2008年4月6日日曜日

いわき絵のぼり


まずは、いわき市教委発行の『いわき市の文化財』から。「いわきには男子の誕生を祝って、端午の節句に、子供の母親の実家から絵のぼり(こばたともいう)を贈るならわしがあった。男子が強くたくましく育って欲しいという願いをこめた縁起物である。五月の空に武者絵のはためく風情はいわきの風物詩でもあった」

4月4日のNHK「ワンダフル東北」を見た。タイトルは<ここに技あり・いわき▽風を読む干物づくり▽歴史を守る宮大工▽のぼり作り>。いわきの優れた職人とその技を紹介していて、引き込まれた。

<のぼり作り>では旧知の石川進・貞治さん兄弟が登場した。平の郊外にある石川さんの工房が映る。一見、農家風である。やがてカメラは石川さん兄弟と進さんの息子さんの3人が「こばた」の武者絵を製作している様子をとらえる。

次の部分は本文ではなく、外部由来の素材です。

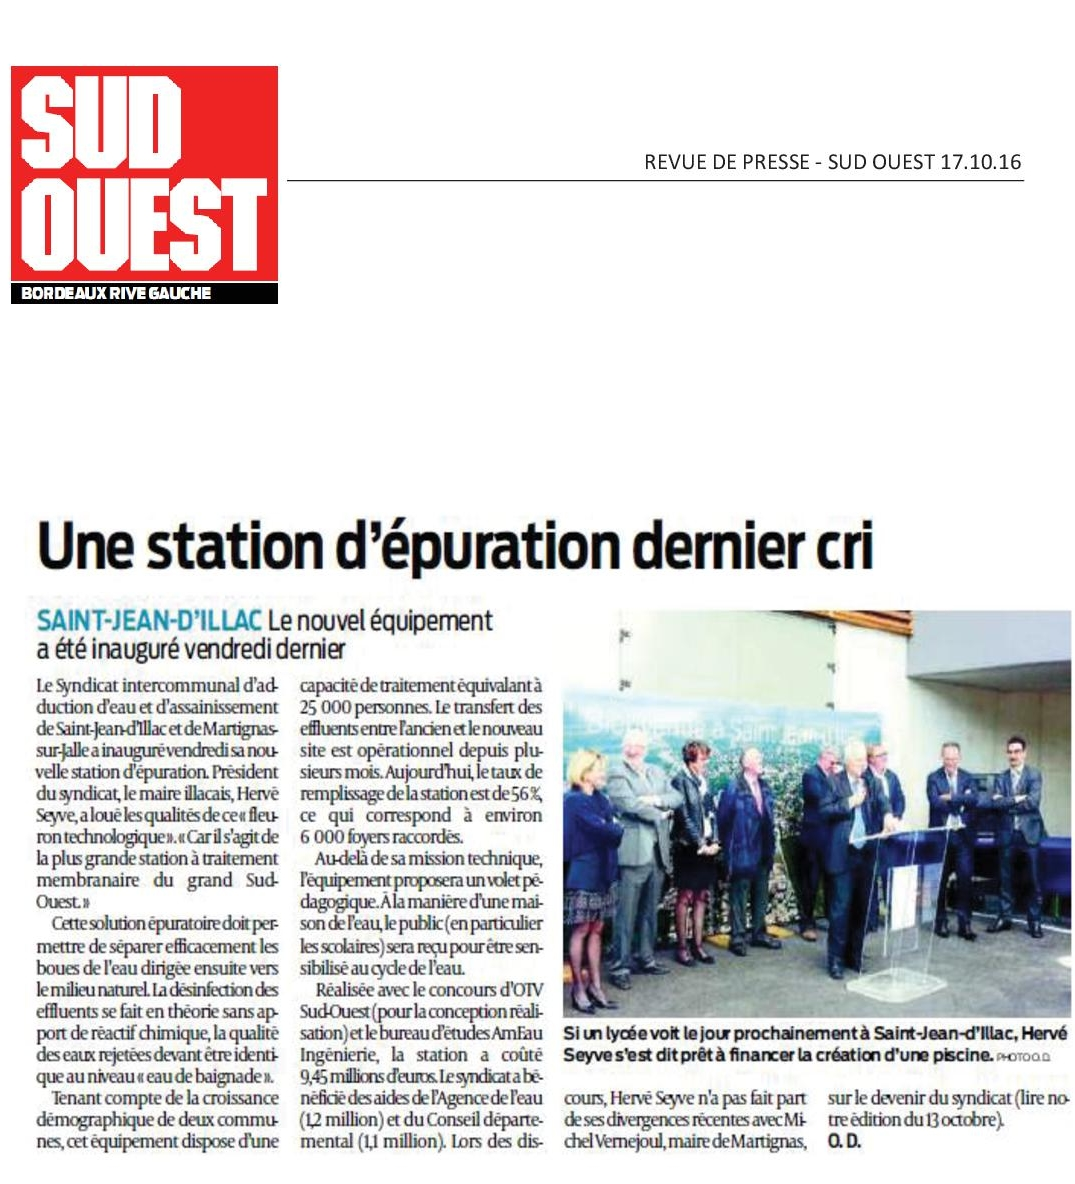 RP_161017_Une_station_d'épuration_dernier_cri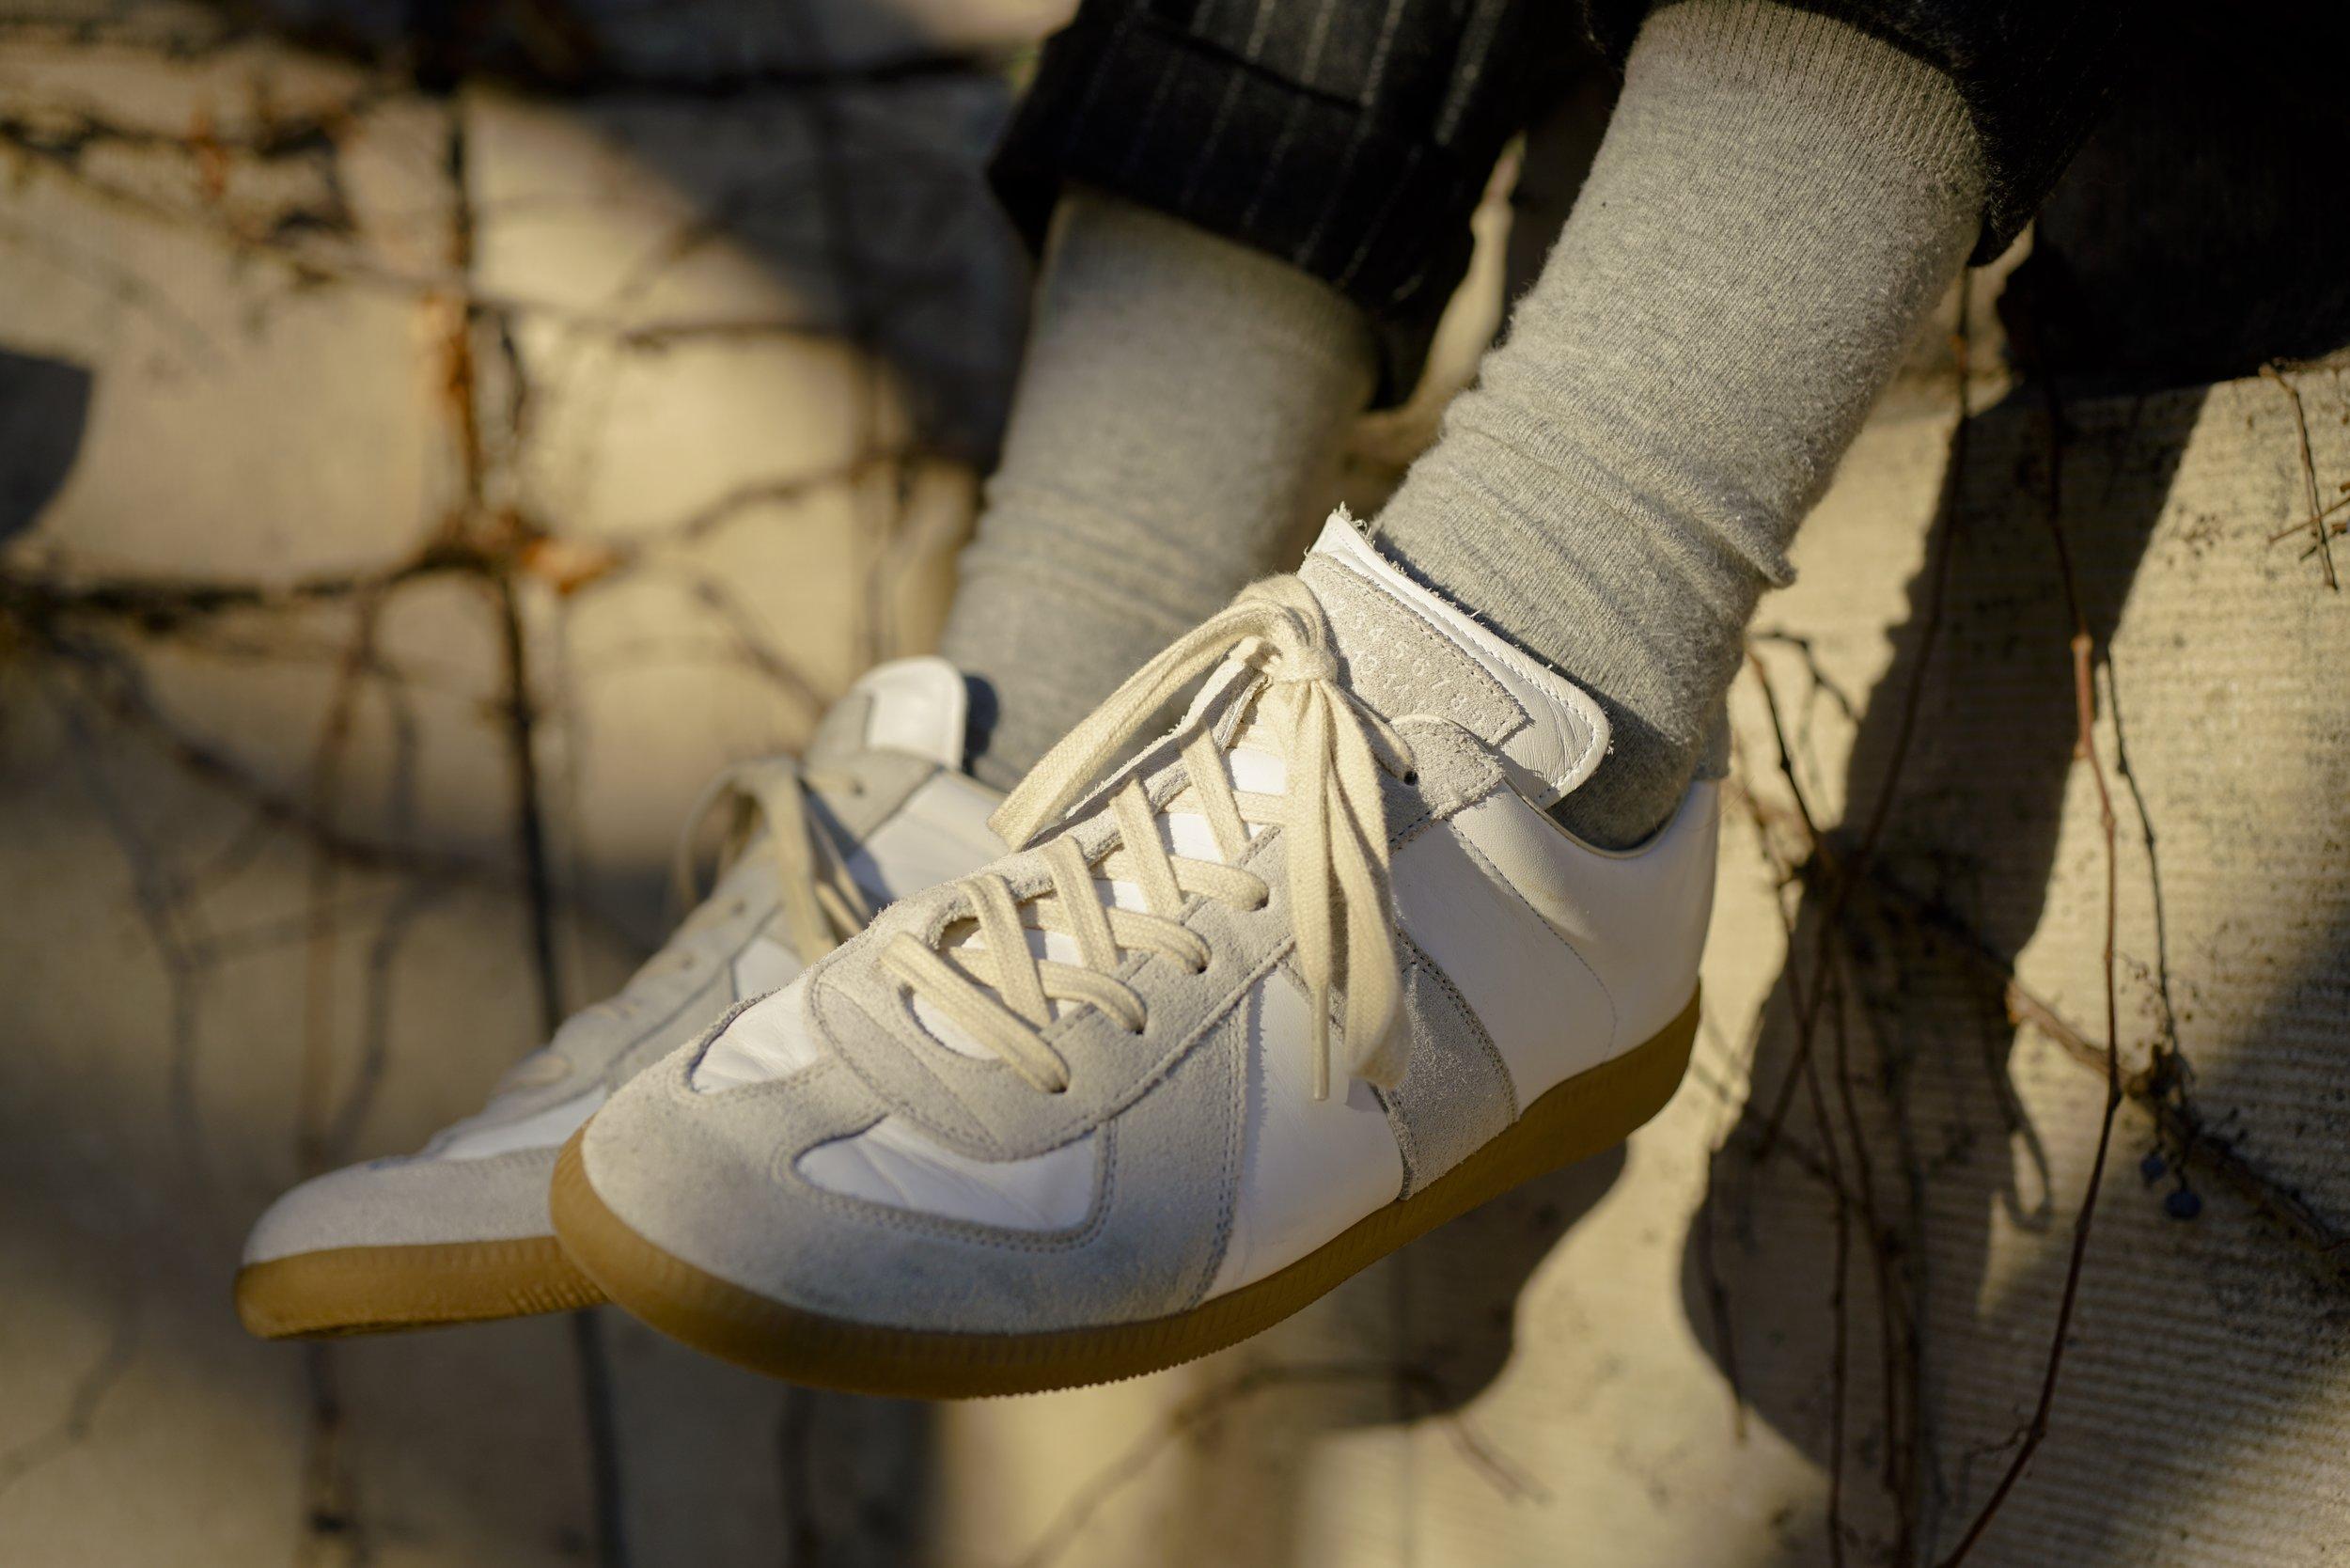 sneakers .jpg

映像を通じてとはいえ、初めて兄弟の仕事の現場を見た。貞治さんが描いた下絵に3人が色を染める。進さんが「ぼかし」という技法について説明する。グラデーションのことだと思うが、なにか格闘しているような、張り詰めた雰囲気がある。真剣勝負と言い換えてもいい。茶の間で見ているこちらも、思わず姿勢を正した。

やがて貞治さんが新しく考案した武者絵=写真・NHKテレビから=の話に移った。超縦長の「こばた」に絵を描くことの難しさと、それゆえの創意工夫、やりがい。貞治さんの筆が力強くはねる。そして、「2代目石川幸男」襲名の話。

「石川幸男」とは、兄弟の父親のことだ。生前はいわき市の無形文化財(いわき絵のぼり製作技術)に認定されていた名人である。その名を、弟の貞治さんが襲った。進さんの配慮も含めて拍手を送りたい。

そういえば、同じ絵のぼり製作技術でほかに2人(高橋晃平、宇佐美シヅイさん)が無形文化財に認定されていたが、いずれも亡くなった。さいわい後継者がいる。宇佐美さんの場合は孫が伝統を受け継いだ。旧知の父親と飲み屋でばったり会ったとき、「私の息子がその孫」と知って、いささか驚いた。

再び『いわき市の文化財』から。「戦後、材料難と社会情勢の変革の中で製作機会が減少し、技術者が極端に消滅してしまった」。新しい後継者はそれこそ、先代から受け継いだ技能を伝承し、「健全な製作を続ける貴重な存在」だ。
数が少なくなったとはいえ、端午の節句が近づくと、いわきの郊外では「こばた」がはためくようになる。間もなくその季節を迎える。